▶ [Source data]
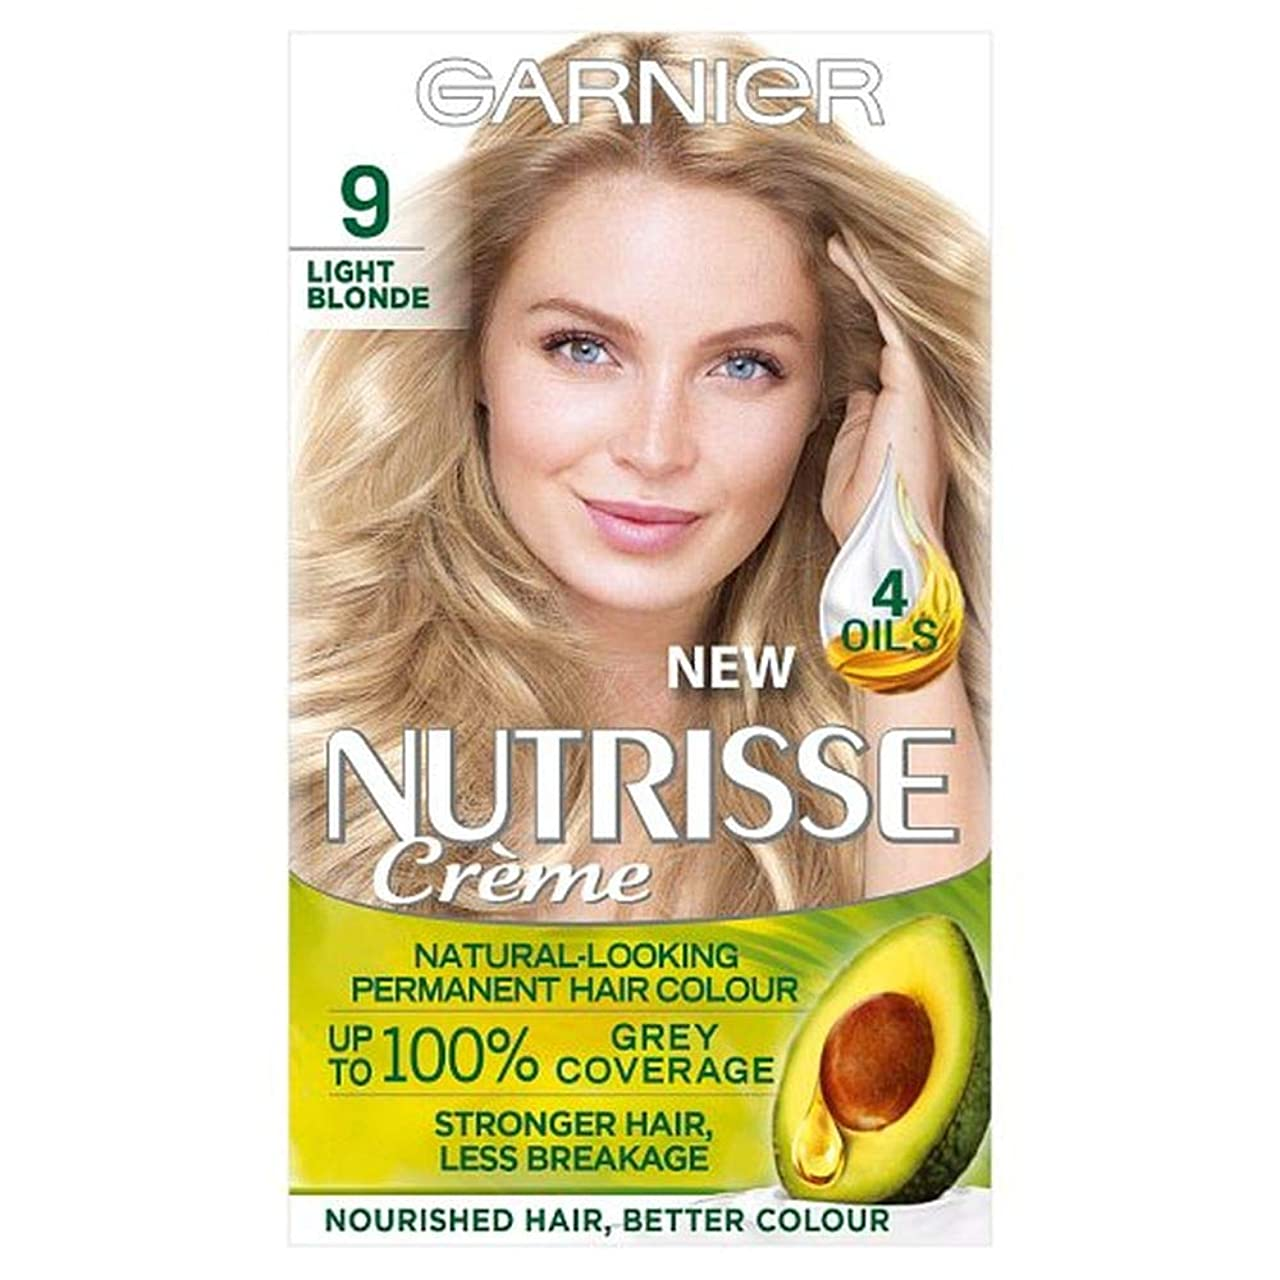 スパイ属するスポット[Nutrisse] ガルニエNutrisse 9ライトブロンドパーマネントヘアダイ - Garnier Nutrisse 9 Light Blonde Permanent Hair Dye [並行輸入品]
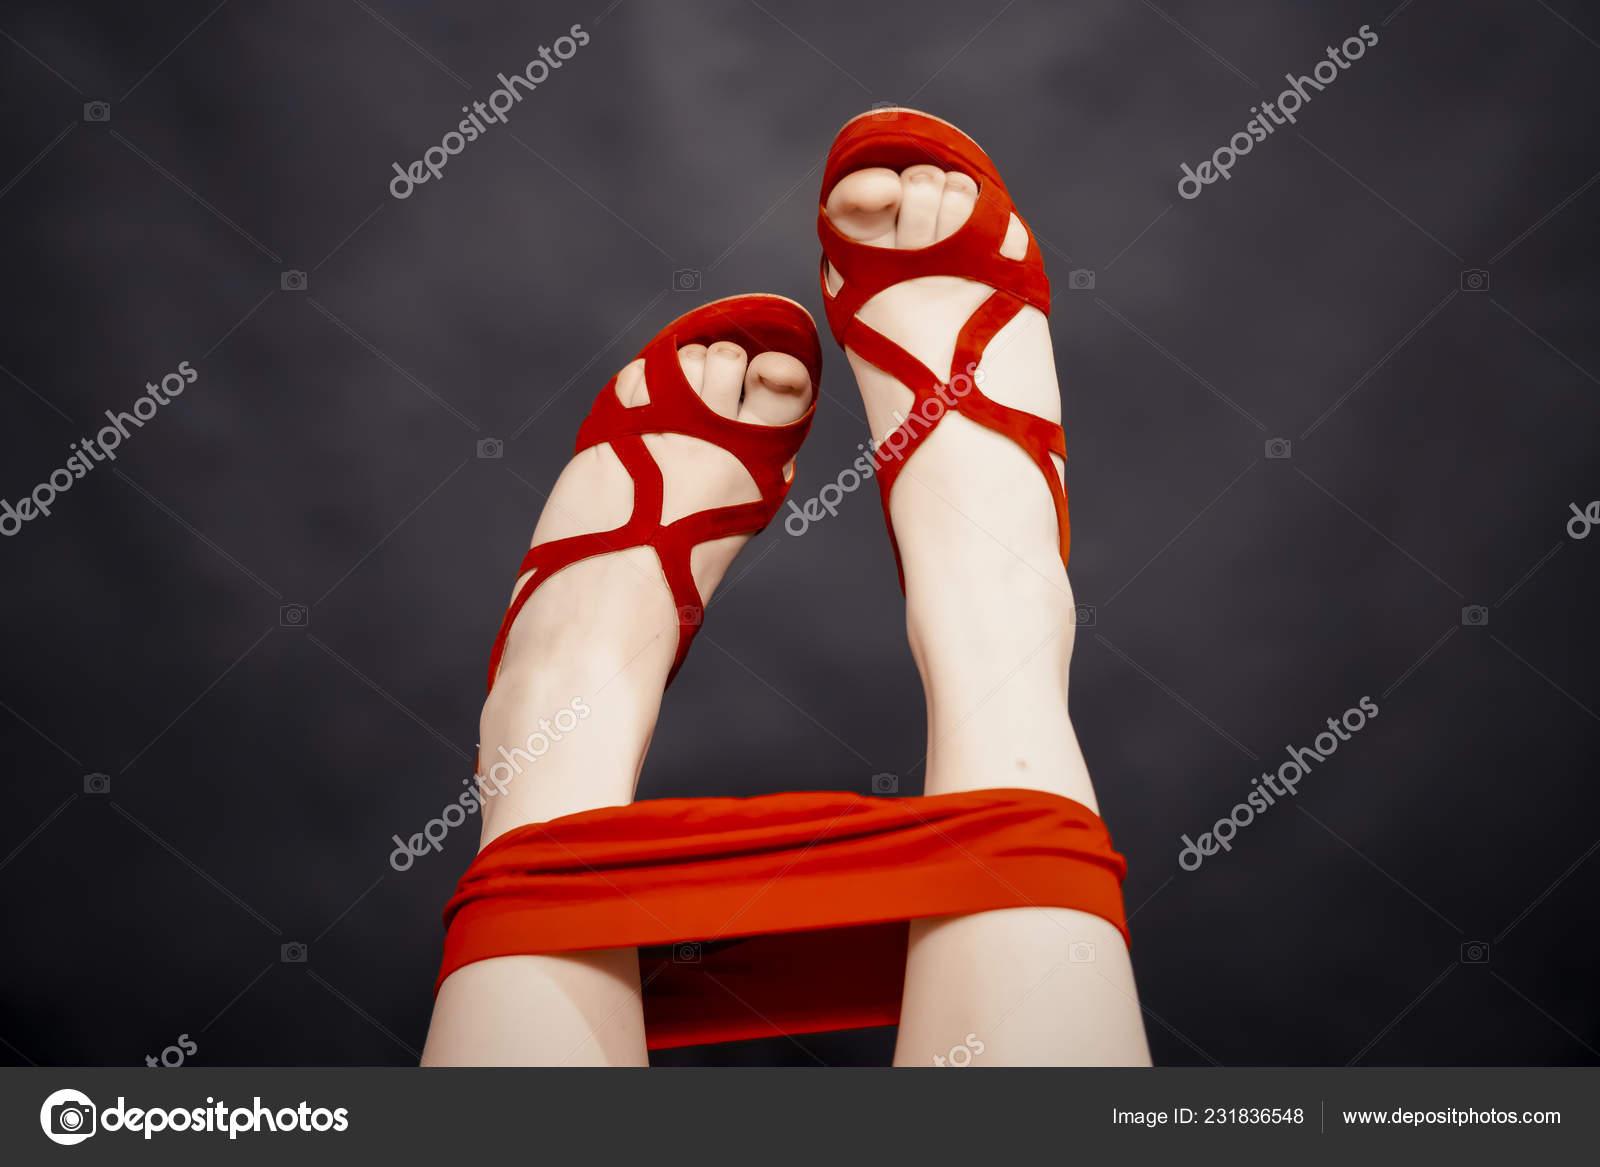 Красные шпильки секс
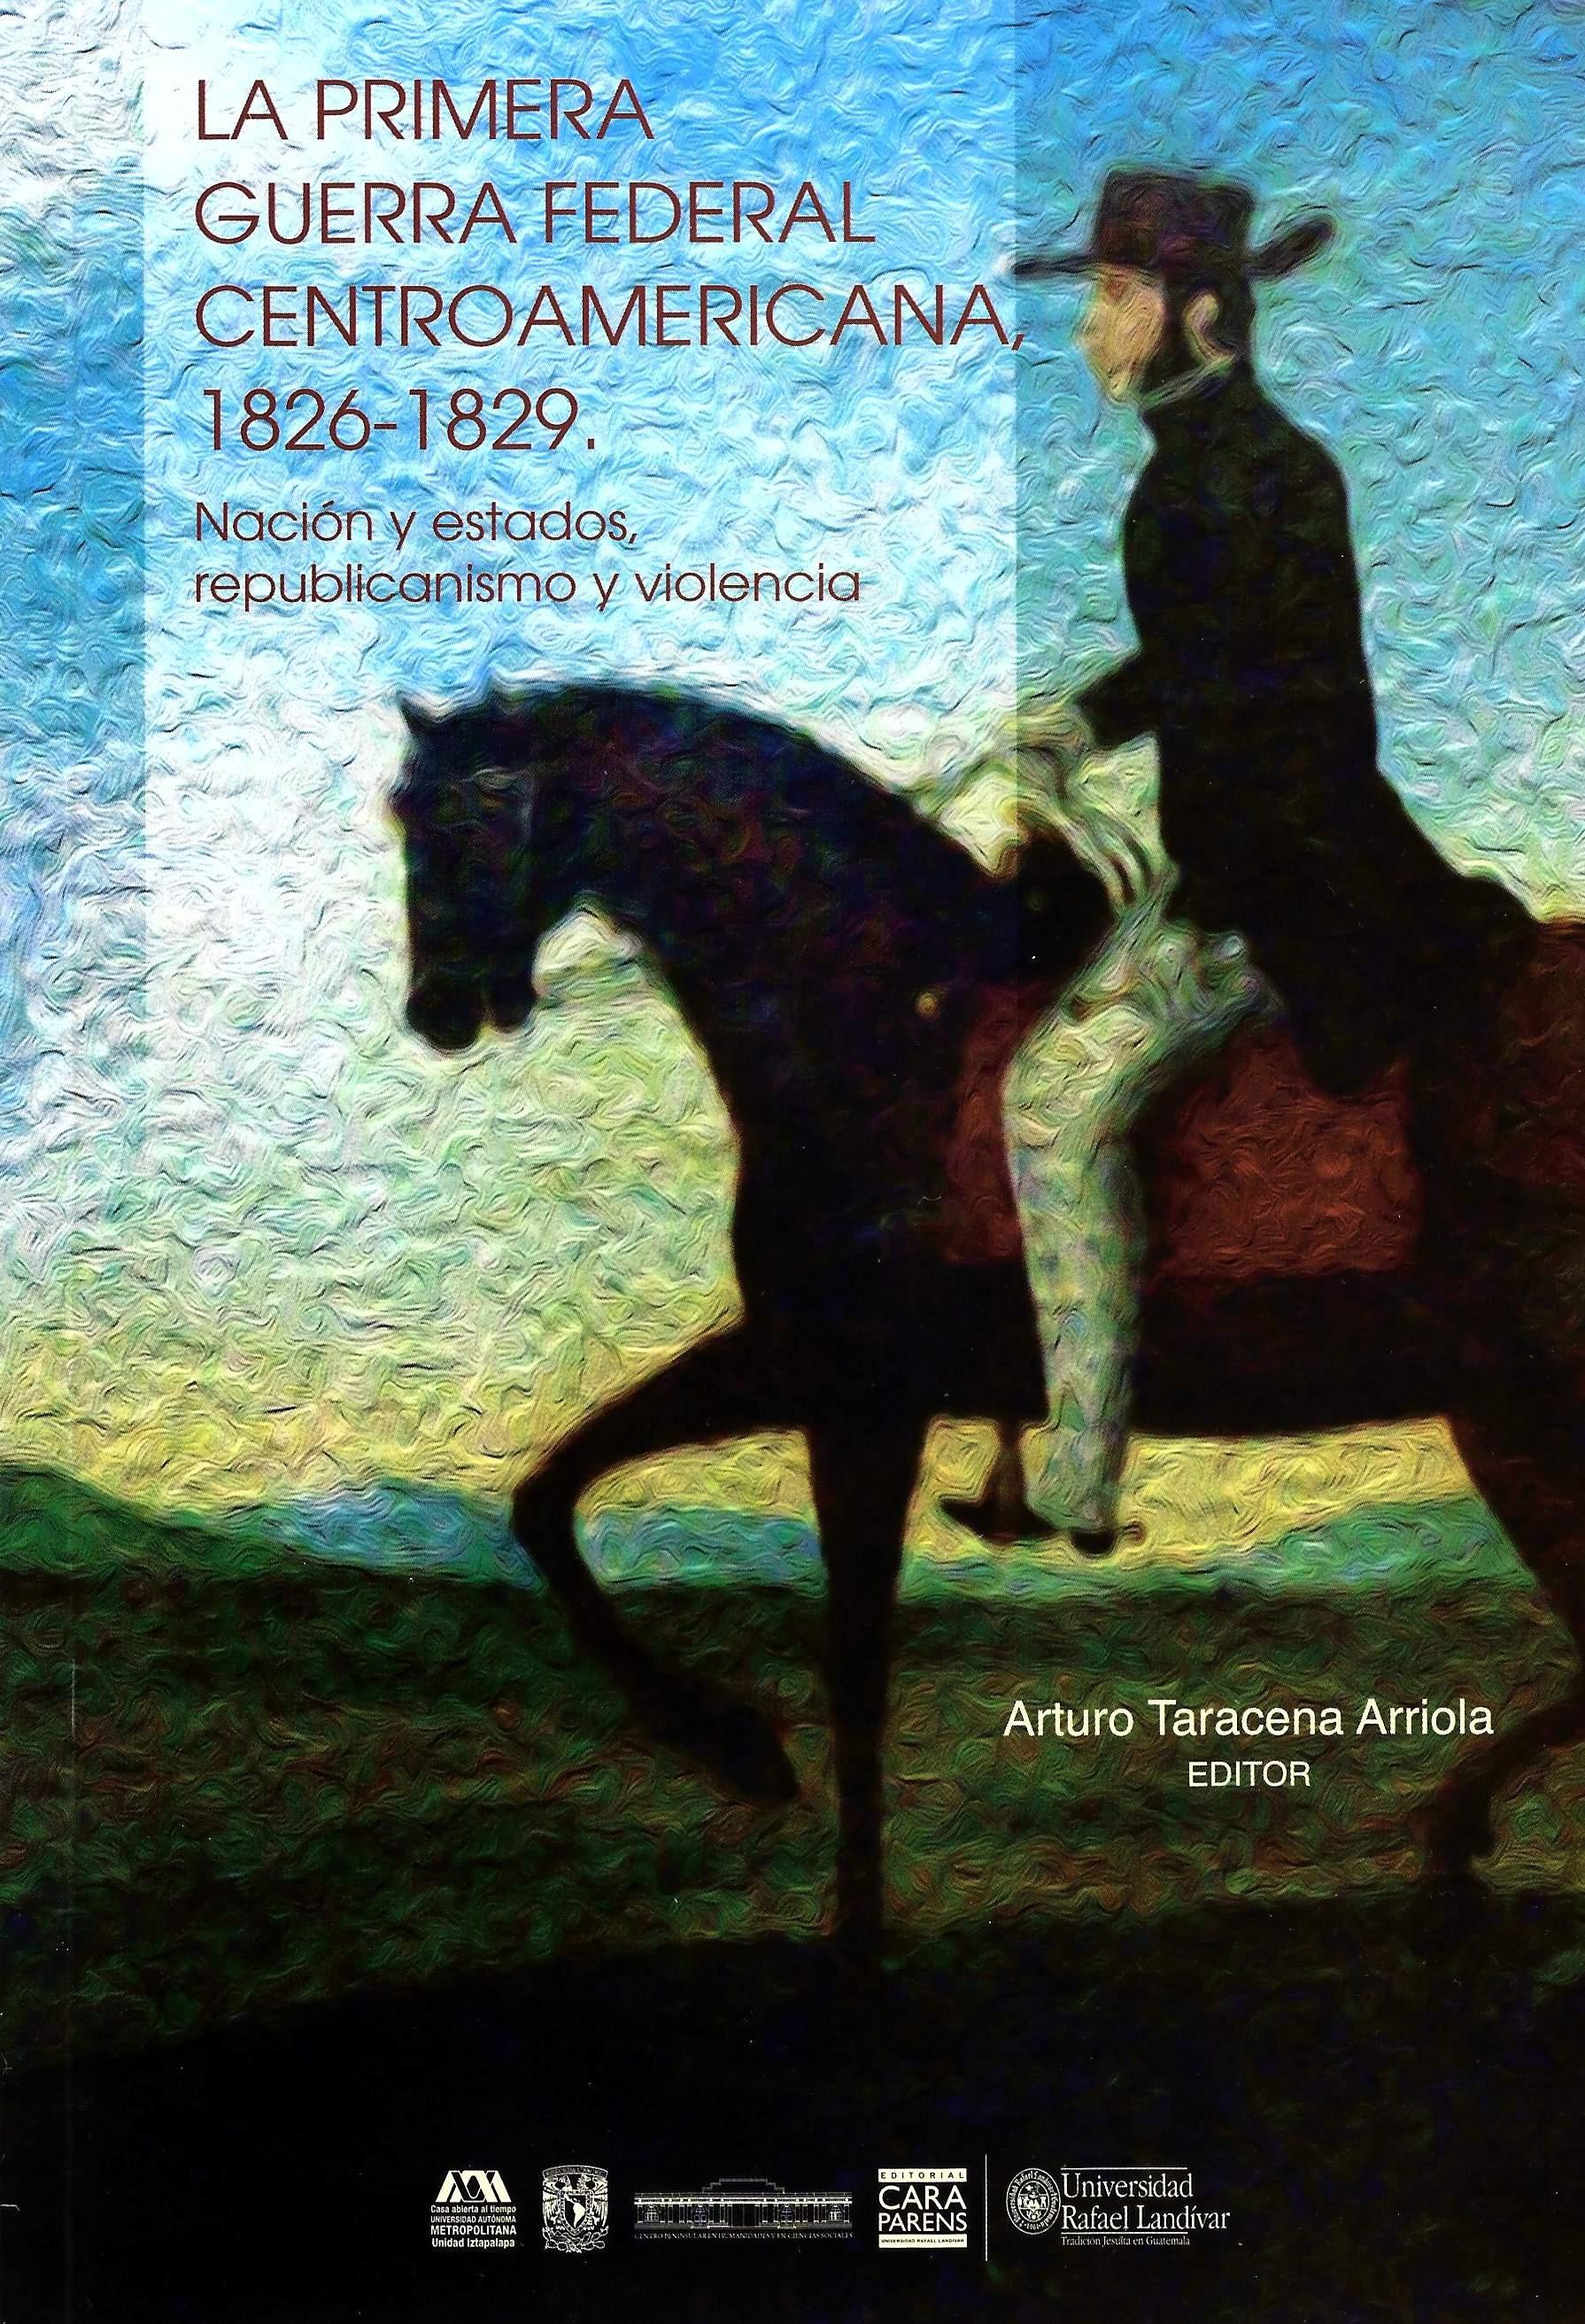 La primera Guerra Federal centroamericana, 1826–1829: nación y estados, republicanismo y violencia

▶ [Your instructions] Without changing a word, transcribe all of the data and omit its images.

▶ [Task output]
 スパイ属するスポット[Nutrisse] ガルニエNutrisse 9ライトブロンドパーマネントヘアダイ - Garnier Nutrisse 9 Light Blonde Permanent Hair Dye [並行輸入品]
 Красные шпильки секс
 La primera Guerra Federal centroamericana, 1826–1829: nación y estados, republicanismo y violencia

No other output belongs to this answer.